--- START ---
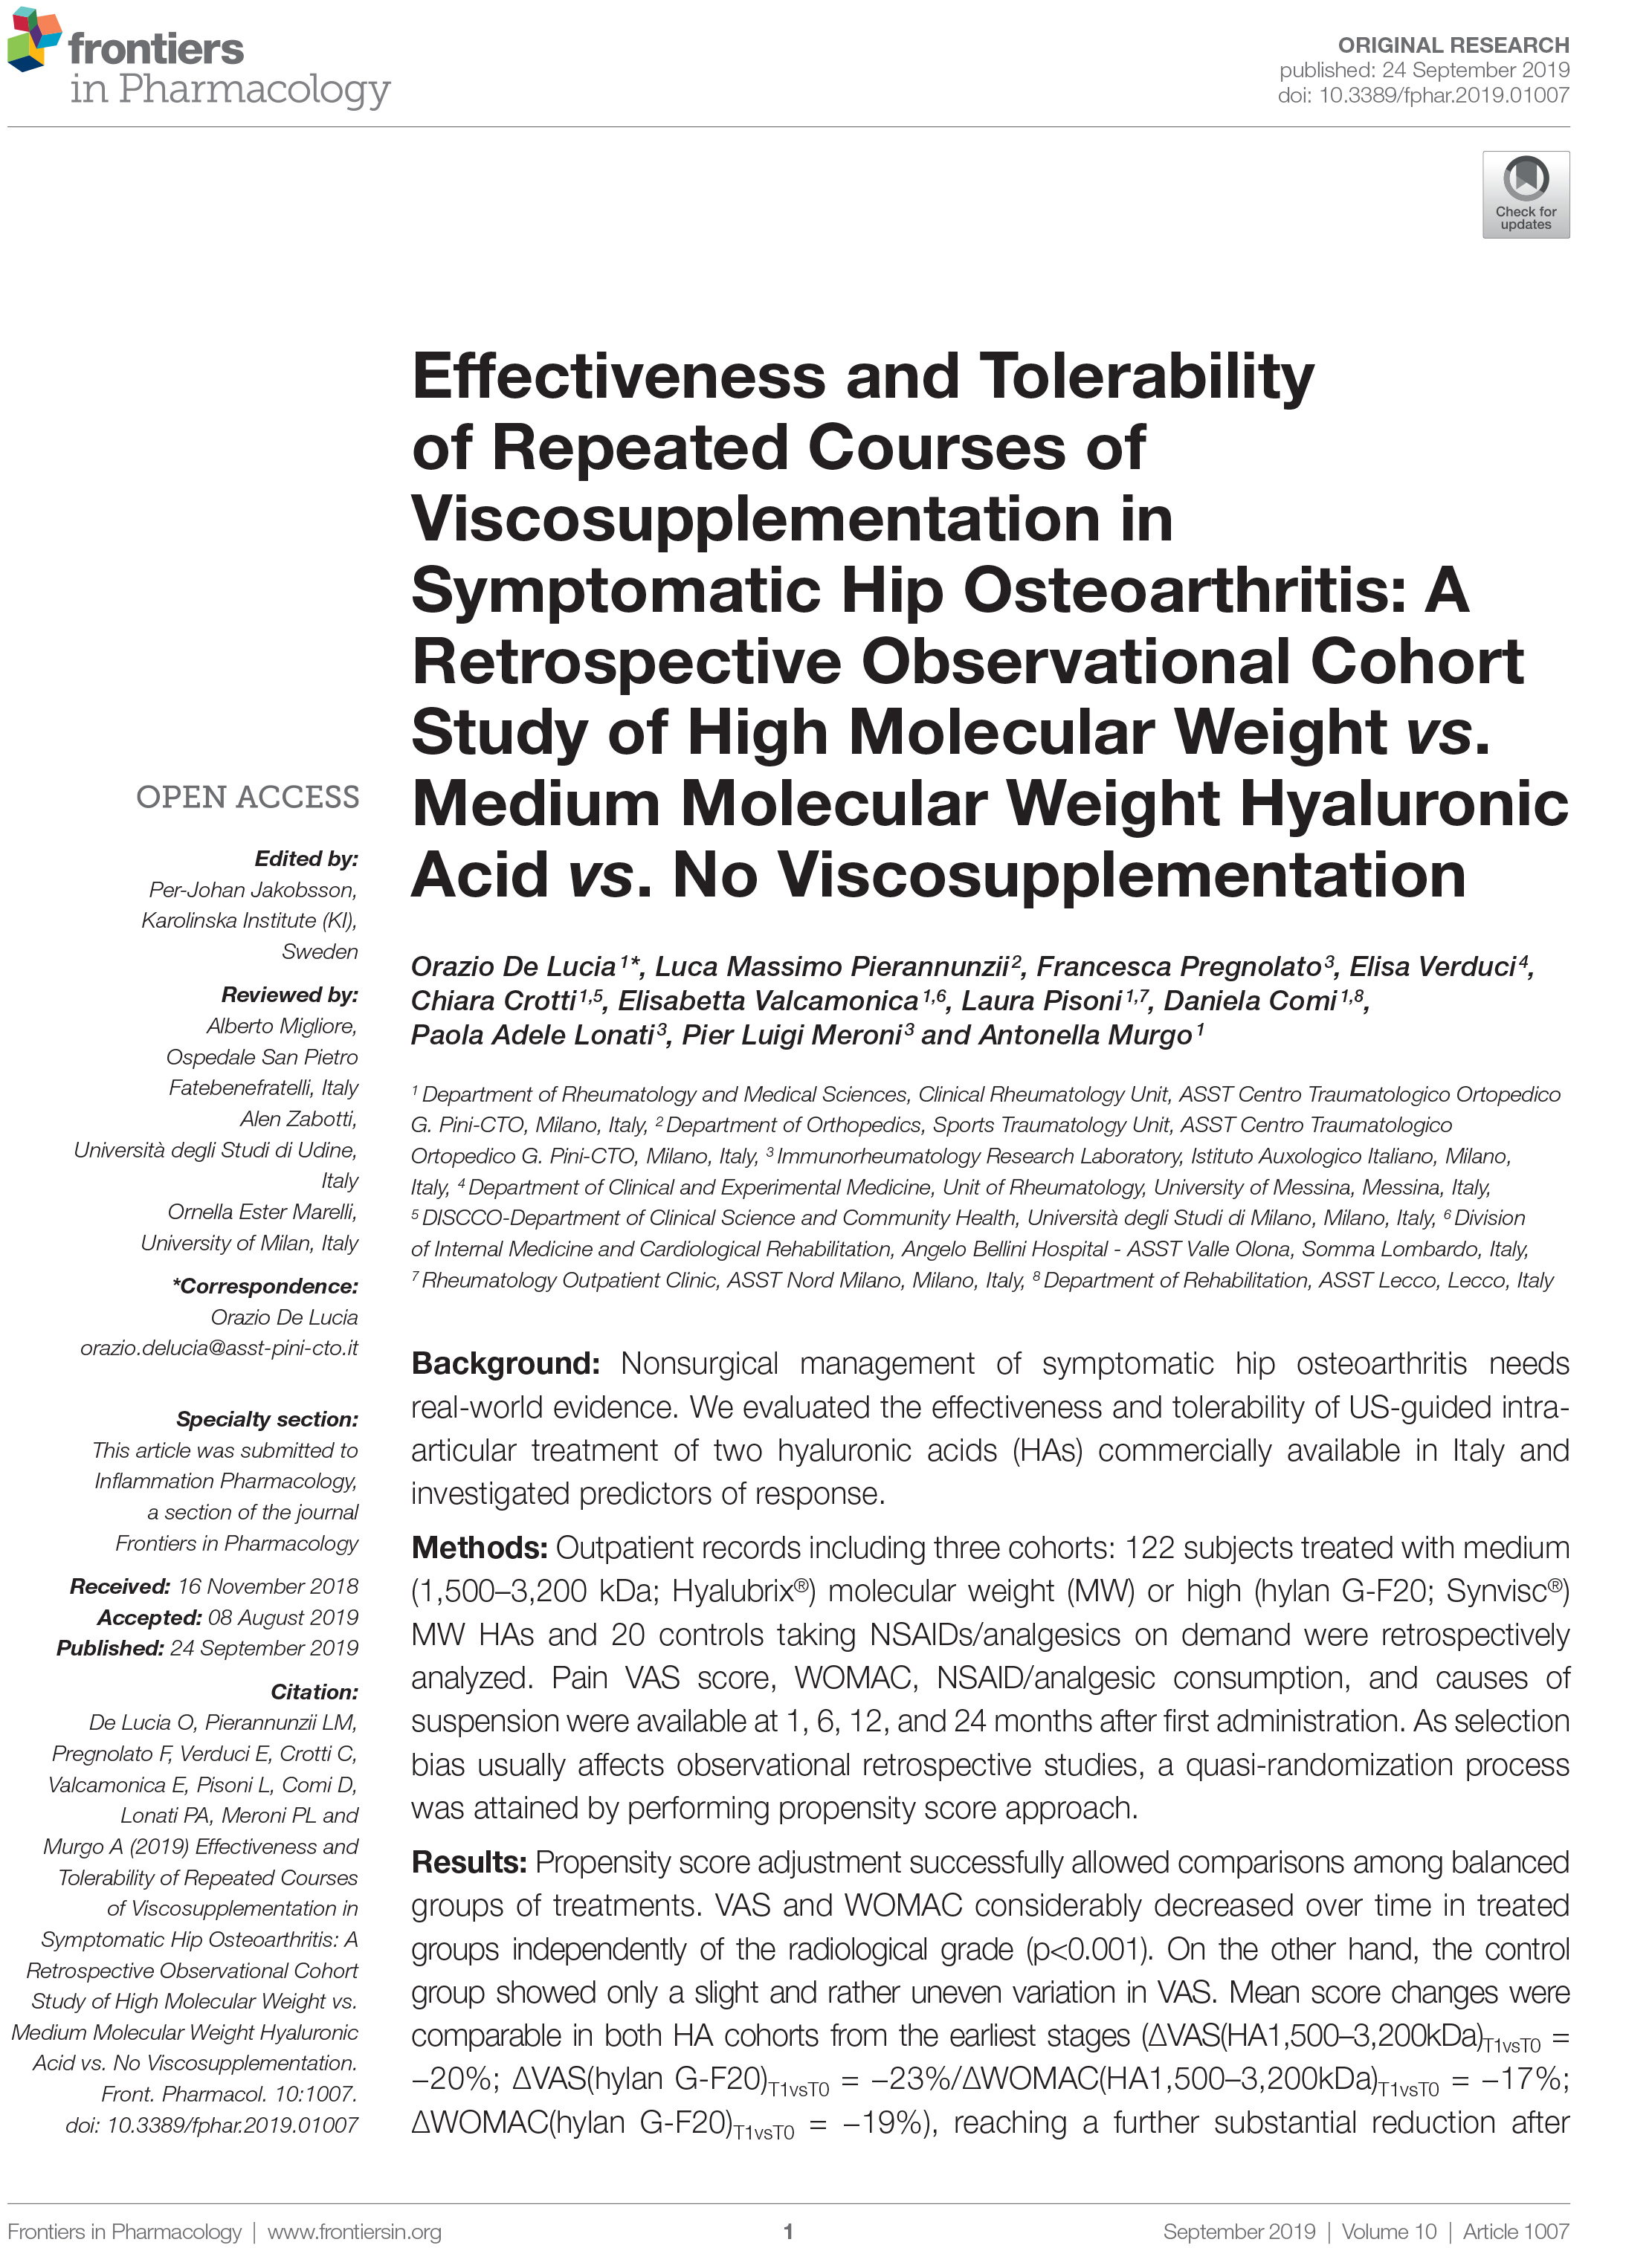 Effectivenesstolerability_of_repeated_courses_of_viscosupplementation_in_symptomatic_hip-1.jpg
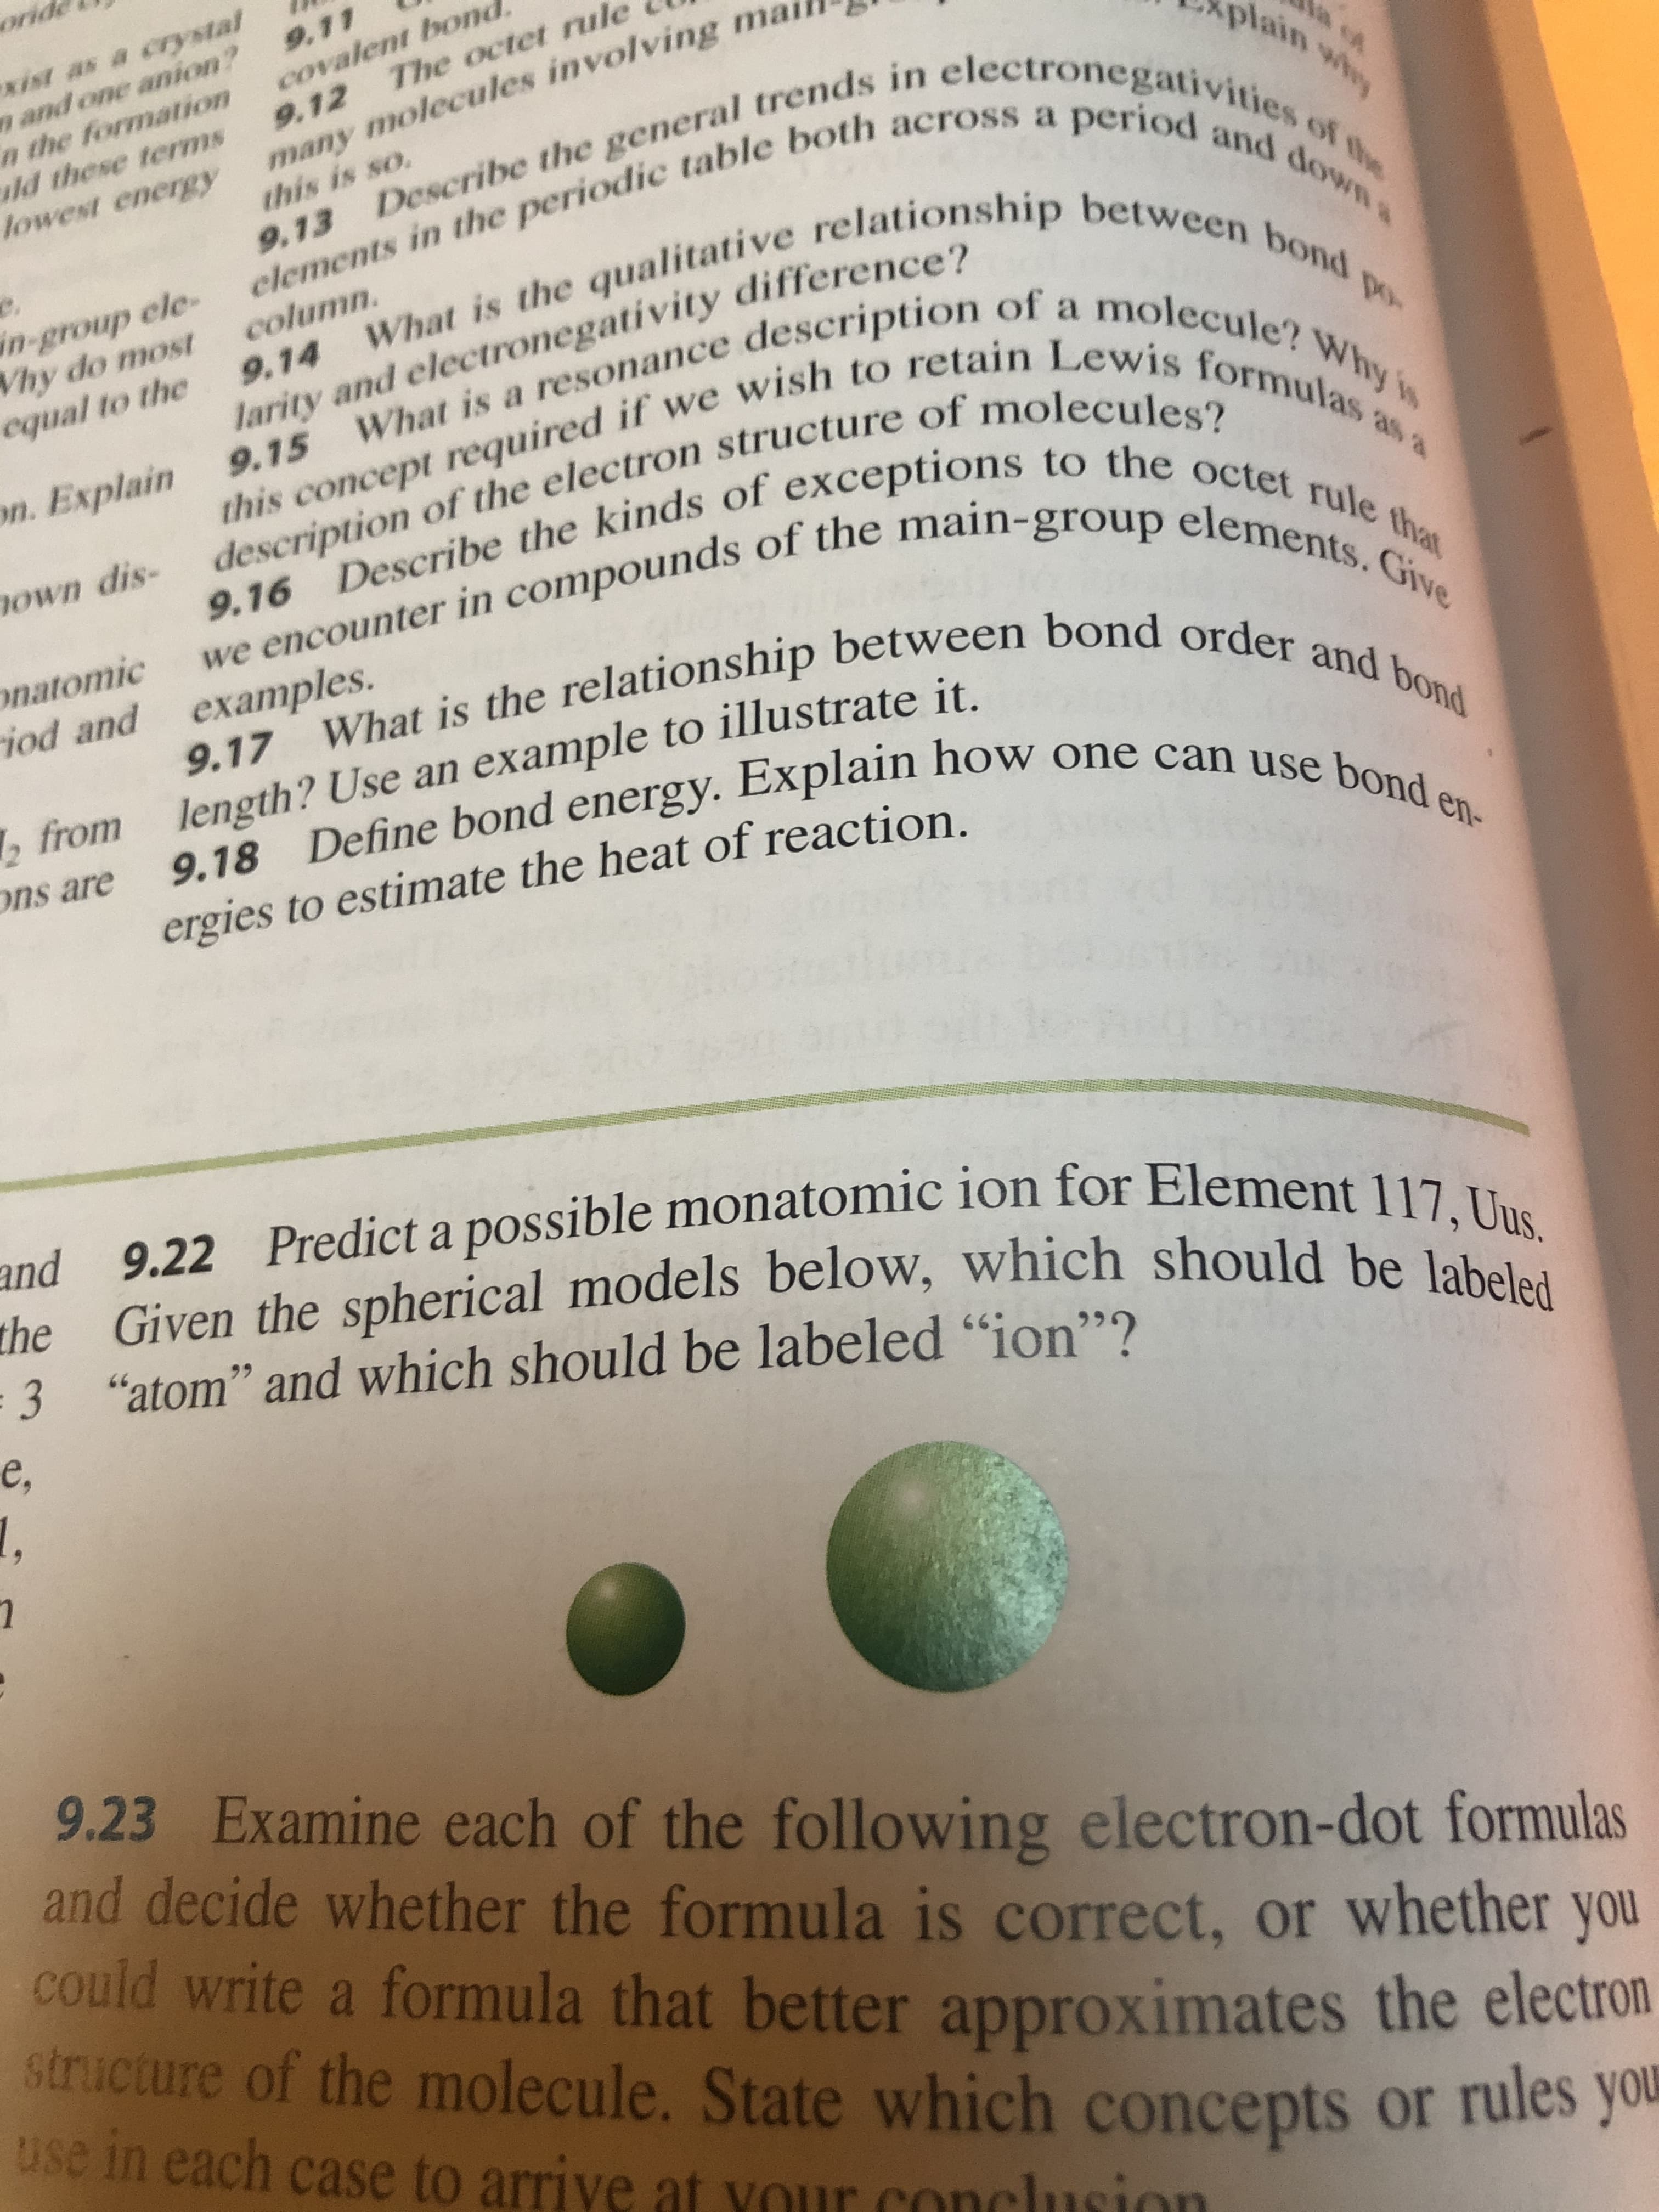 9.22 Predict a possible monatomic ion for Element 117
Given the spherical models below, which should be labeled
"atom" and which should be labeled "ion'"?
--- END ---
● **What the exercise asks**
Answer with the exact lines running from the one that contains "Given the spherical" through the last line of the data. Include no other line.

● **Result**
Given the spherical models below, which should be labeled
"atom" and which should be labeled "ion'"?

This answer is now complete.